Study design (if review, criteria of inclusion for studies)
Randomized, double blinded, cross-over pilot clinical trial.
Participants
13 patients with cystic fibrosis (CF) aged 6-23 years, 8 females,
Interventions
Subjects with CF received, in random order, oral glycine (0.5 g/kg/day, dissolved in any liquid) and placebo (glass sugar), each during 8 weeks with an intermediate 2-week wash-out period.
Outcome measures
Symptom scores. Spirometric variables. Pulse oximetry . TNF-alpha in serum and IL-6
Main results
As compared with placebo, after glycine intake patients had better symptom questionnaire scores (p = 0.02), mainly regarding sputum features and dyspnea.

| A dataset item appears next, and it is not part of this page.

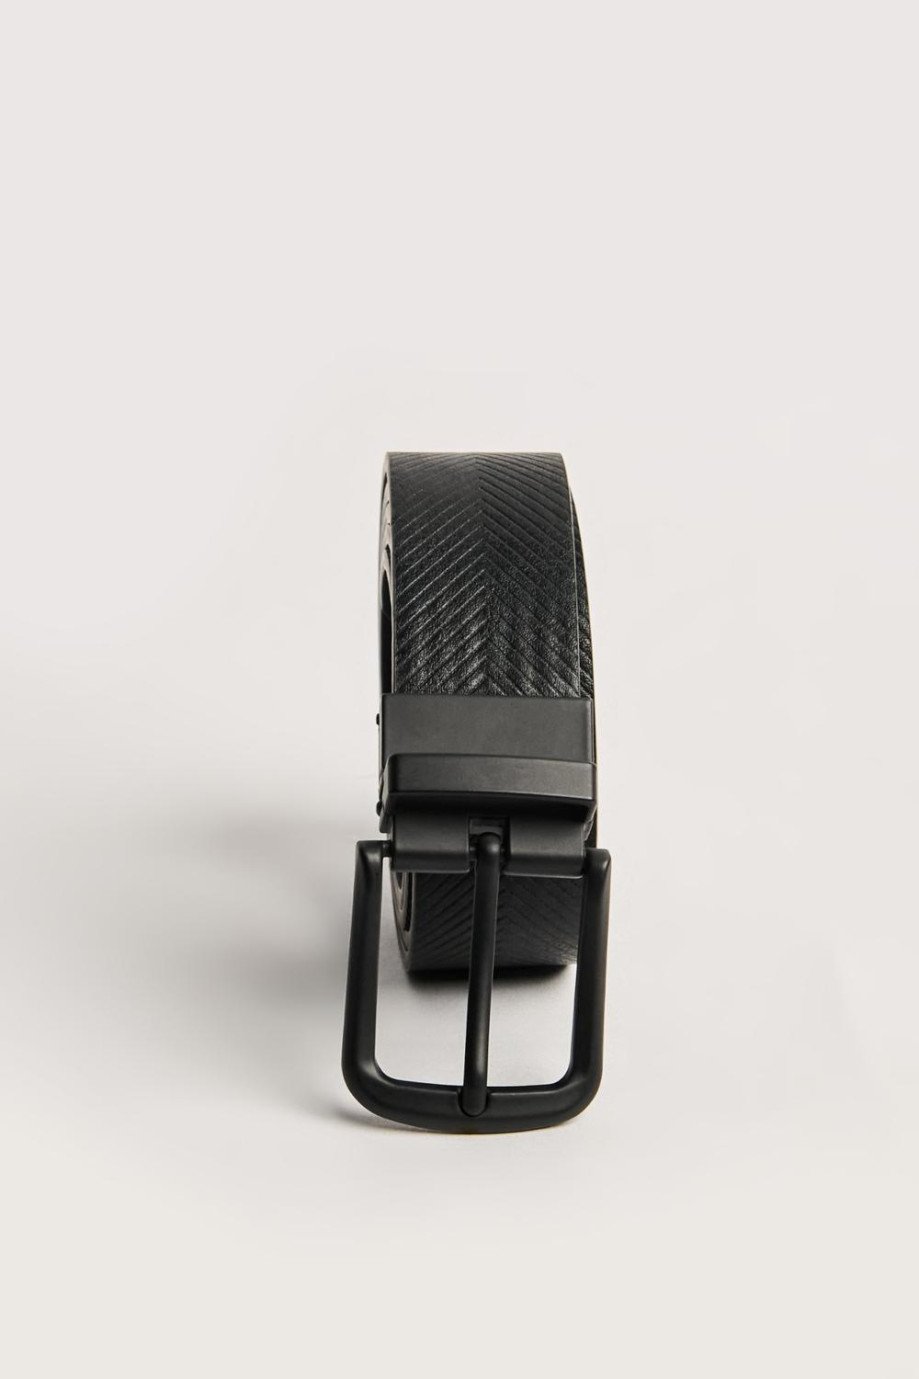 Cinturón reversible negro con hebilla cuadrada y texturas
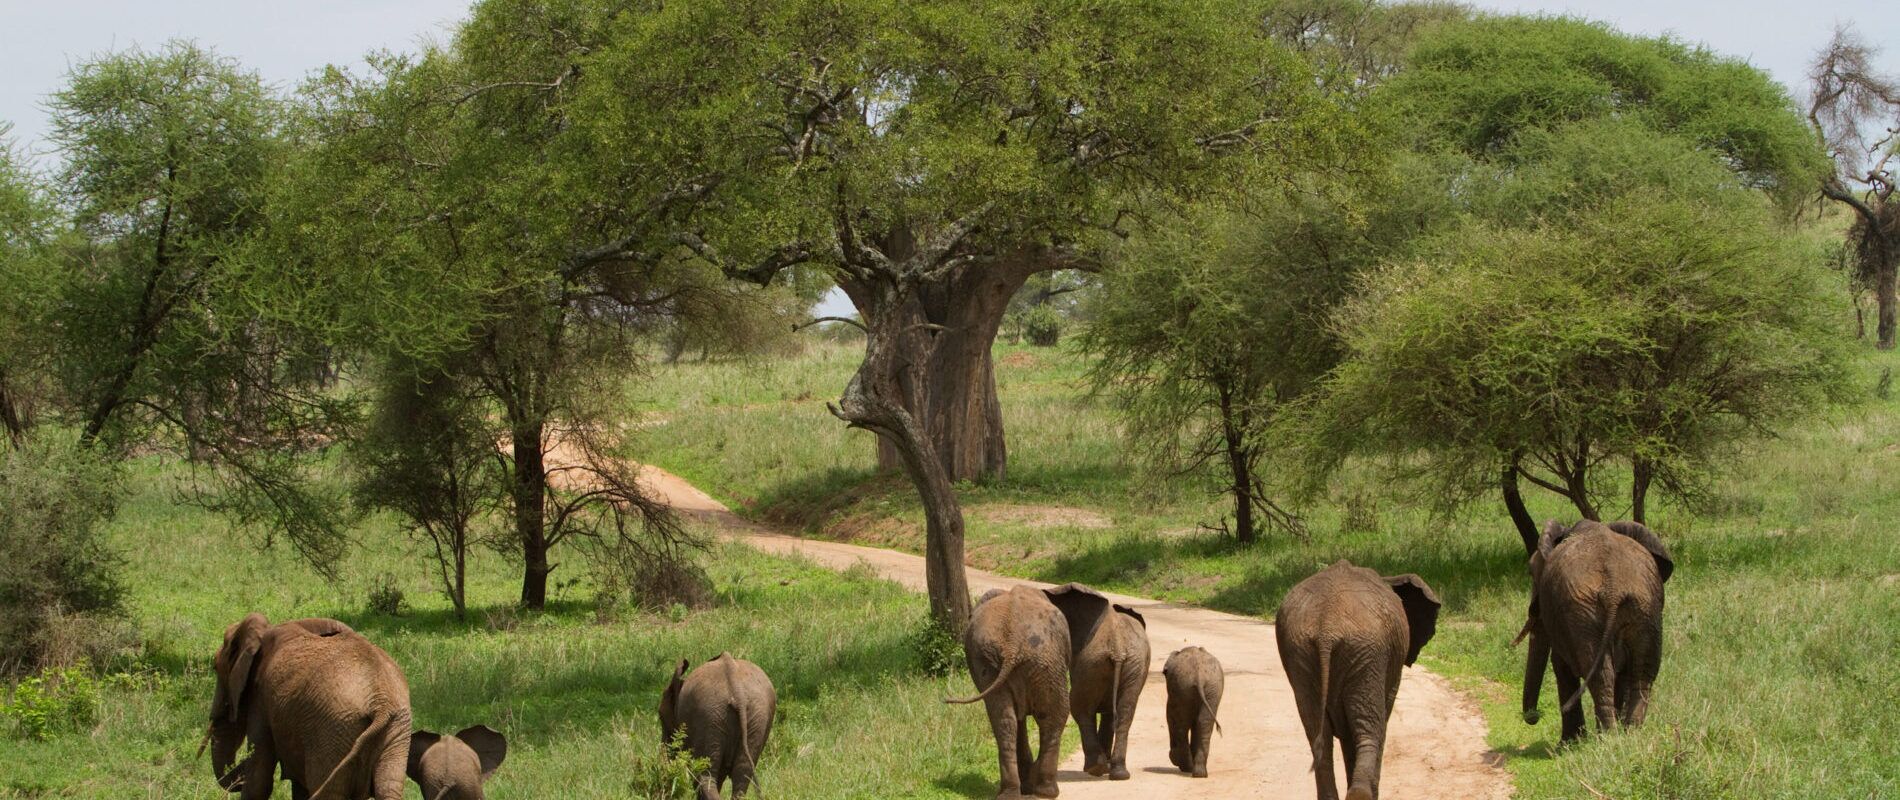 Elefantenherde mit Elefantenbaby von hinten auf einem Weg mit grüner Wiese und Bäumen

While spirometric variables tended to decline during placebo intake, they remained stable or even increased during glycine treatment (p = 0.04 to p = 0.003). In this context, FEV1 declined 8.6% after placebo and increased 9.7% at the end of the glycine period. Pulse oximetry improved after glycine intake (p = 0.04 vs. placebo). TNF-alpha in serum and IL-6 and G-CSF in sputum tended to decline at the end of the glycine period (p = 0.061, p = 0.068 and p = 0.04, respectively, vs placebo). Glycine was remarkably well tolerated.
Authors' conclusions
The clinical, spirometric and inflammatory status of subjects with CF improved after just 8 weeks of glycine intake, suggesting that this amino acid might constitute a novel therapeutic tool for these patients. Thus, further studies are warranted.